Think about this. Ryu started at the belt with a change, then spun a curve below the knees and now finishes the poor dude with a fastball way above the zone. This is utter and complete domination. While a hurler like Verlander might just pummel you with fastballs until you break, Ryu twists you into knots and renders you so uncomfortable as to be helpless.
Look at Reynolds after he misses. Pity the poor soul.
That earned a slower look:
Starling Marte is up and swings right over a low sinker for strike one. Just a note for hitters; giving Ryu whiffs out of the zone is a great way to end up out. He’s not likely to lose the advantage in the count once you’ve given it to him, either. If Marte is to reach base, he’ll probably have to do it from a pitcher’s count.
Another master class in sequencing. Never give the batter a pattern or anything to latch onto. Marte flails at a fastball below the zone to open the exchange, and rather than feed him another, Ryu stands him up with a heater right below the hands for a superb called strike two. Brilliant.
Young pitchers, take note of stuff like this. Marte is a good and dangerous hitter, but Ryu already has him uneasy.
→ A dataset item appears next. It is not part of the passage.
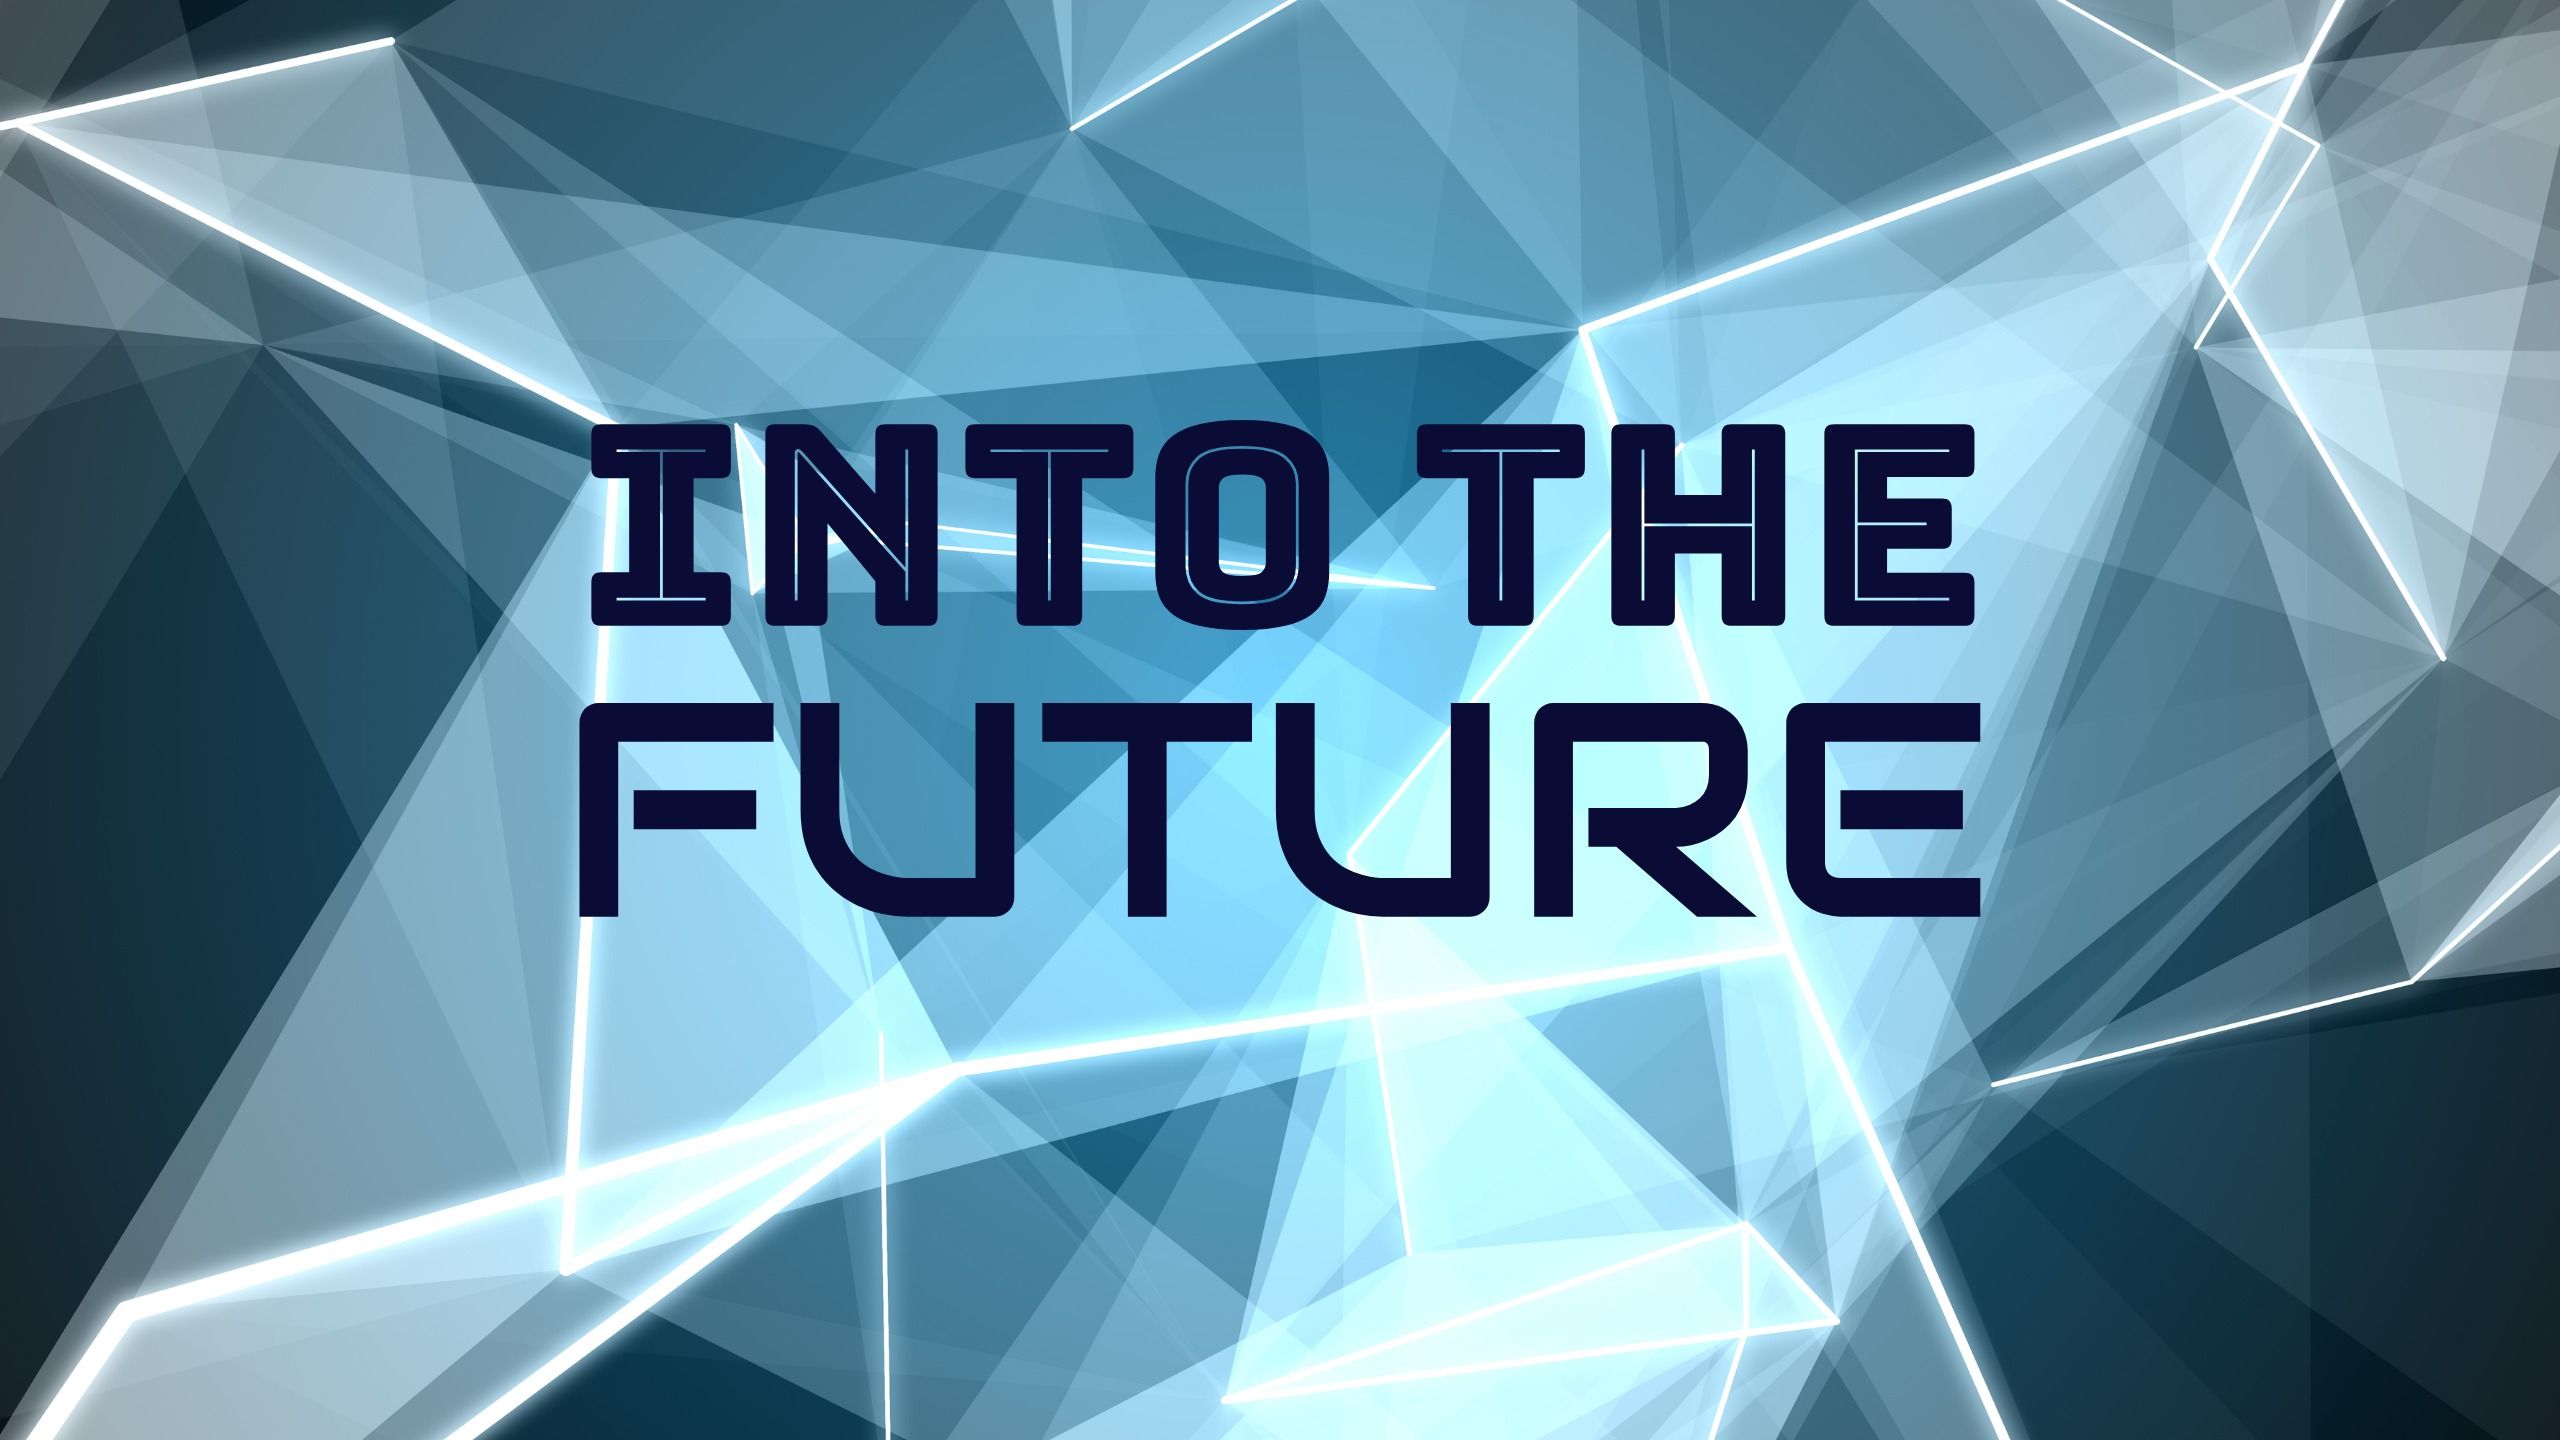 Title "Into the Future" on an abstract triangular mesh background - Modern packaging design elements - Image

Um. What is there to say? Ryu puts a changeup way, way out of the zone and Marte absolutely flails at it. The ball was in the other batter’s box, for heaven’s sake, but because Ryu had the outfielder so messed up he couldn’t hold up.
Ryu, as the saying goes, was living rent-free in Marte’s head.
Ryu’s work shouldn’t go unnoticed
Certainly, this series is fond of pitchers with barn-burning stuff. Who doesn’t love a Luis Castillo changeup or a Blake Treinen sinker? As much fun as that is, studying someone like Ryu is more rewarding. Why? Because we can learn in clear detail how to keep hitters off balance and out of sync. We can learn how to steal easy outs — like the first at-bat above — and how to work all throughout the zone.
Most young pitchers won’t grow up to throw 98 MPH, but they can learn to work like this. They can learn to change speeds and eye levels, to work inside and out, to mess with timing and attack the hitter on every front. Pitchers don’t get hitters out on stuff alone.